Studio album by Metronomy
- Released: 10 March 2014
- Studio: Toe Rag (London)
- Genre: Indietronica, indie pop, synth-pop, new wave, chillwave
- Length: 41:19
- Label: Because
- Producer: Joseph Mount

Metronomy chronology
| The English Riviera (2011) | Love Letters (2014) | Summer 08 (2016) |

Singles from Love Letters
- "I'm Aquarius" Released: 11 November 2013; "Love Letters" Released: 23 January 2014; "Reservoir" Released: 2 June 2014;

= Love Letters (Metronomy album) =

Love Letters is the fourth studio album by English electronic music band Metronomy, released on 10 March 2014 by Because Music. It peaked at number seven on the UK Albums Chart, becoming the band's highest-charting album to date.

==Reception==

Love Letters received mostly positive reviews from music critics. According to critic review aggregator Metacritic, the album has received a score of 73 out of 100, based on 26 reviews, indicating "generally favorable reviews". Heather Phares of AllMusic writes that "Musically and emotionally, Love Letters is rawer than what came before it, trading breezy synth pop for insistent psych-rock and soul influences. Confessional and insular, Love Letters is the work of a band willing to take pop success on their own terms and reveal a different – but just as appealing – side of their artistry in the process".

Professional ratings
Aggregate scores
| Source | Rating |
| AnyDecentMusic? | 7.0/10 |
| Metacritic | 73/100 |
Review scores
| Source | Rating |
| AllMusic |  |
| The Guardian |  |
| The Independent |  |
| The Irish Times |  |
| Mojo |  |
| NME | 8/10 |
| Pitchfork | 5.2/10 |
| Q |  |
| Rolling Stone |  |
| Uncut | 7/10 |

==Track listing==

| No. | Title | Writer(s) | Length |
|---|---|---|---|
| 1. | "The Upsetter" |  | 4:17 |
| 2. | "I'm Aquarius" |  | 4:01 |
| 3. | "Monstrous" |  | 3:53 |
| 4. | "Love Letters" | Mount; Airelle Besson; | 5:15 |
| 5. | "Month of Sundays" | Mount; James Hoare; | 3:36 |
| 6. | "Boy Racers" |  | 4:18 |
| 7. | "Call Me" |  | 3:51 |
| 8. | "The Most Immaculate Haircut" |  | 4:30 |
| 9. | "Reservoir" |  | 3:14 |
| 10. | "Never Wanted" |  | 4:36 |

==Personnel==
Credits adapted from the liner notes of Love Letters.

===Metronomy===
- Joseph Mount – vocals, guitar, drums, bass
- Olugbenga Adelekan – bass
- Anna Prior – drums
- Michael Lovett – keyboards
- Oscar Cash – piano, keyboards

===Additional musicians===
- Gabriel Stebbing – acoustic guitar (track 1)
- Luke Oldfield – electric guitar (track 1)
- The Proper Ornaments – guitar (track 5)

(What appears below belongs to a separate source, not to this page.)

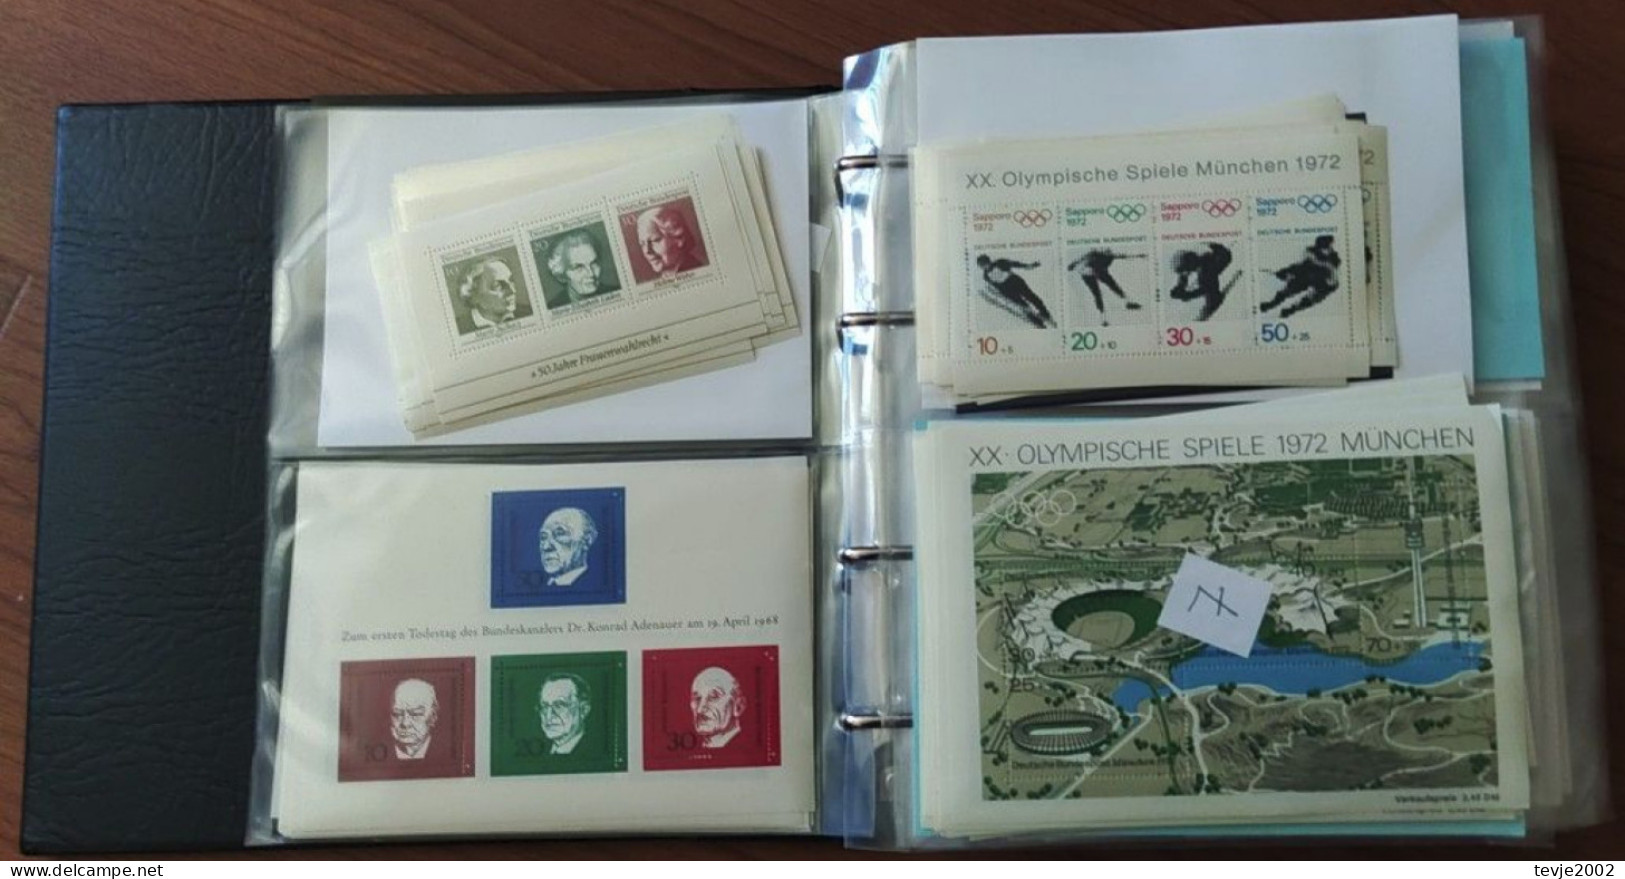 Karton mit 7 Alben - Bund Restsammlungen und Dubletten 1959 - 2000 - postfrisch MNH (siehe Beschreibung)

- Airelle Besson, Daniel Zimmermann, Thomas Depourquery – horns (arranged by Airelle Besson)
- HowAboutBeth, Jaelee Small, Kenzie May Bryant – backing vocals

===Technical===
- Joseph Mount – production
- Ash Workman – co-production, engineering, mixing
- Luke Oldfield – engineering, tape operation

===Artwork===
- Leslie David – artwork, art direction

==Charts==

===Weekly charts===

Weekly chart performance for Love Letters
| Chart (2014) | Peak position |
|---|---|
| Australian Albums (ARIA) | 71 |
| Belgian Albums (Ultratop Flanders) | 65 |
| Belgian Albums (Ultratop Wallonia) | 12 |
| French Albums (SNEP) | 7 |
| German Albums (Offizielle Top 100) | 55 |
| Irish Albums (IRMA) | 12 |
| Irish Independent Albums (IRMA) | 3 |
| Scottish Albums (OCC) | 16 |
| Spanish Albums (PROMUSICAE) | 98 |
| Swiss Albums (Schweizer Hitparade) | 21 |
| UK Albums (OCC) | 7 |
| UK Independent Albums (OCC) | 2 |

===Year-end charts===

Year-end chart performance for Love Letters
| Chart (2014) | Position |
|---|---|
| Belgian Albums (Ultratop Wallonia) | 180 |
| French Albums (SNEP) | 123 |

In 2014, the album was certified Gold by the Independent Music Companies Association (IMPALA), denoting sales in excess of 75,000 copies across Europe.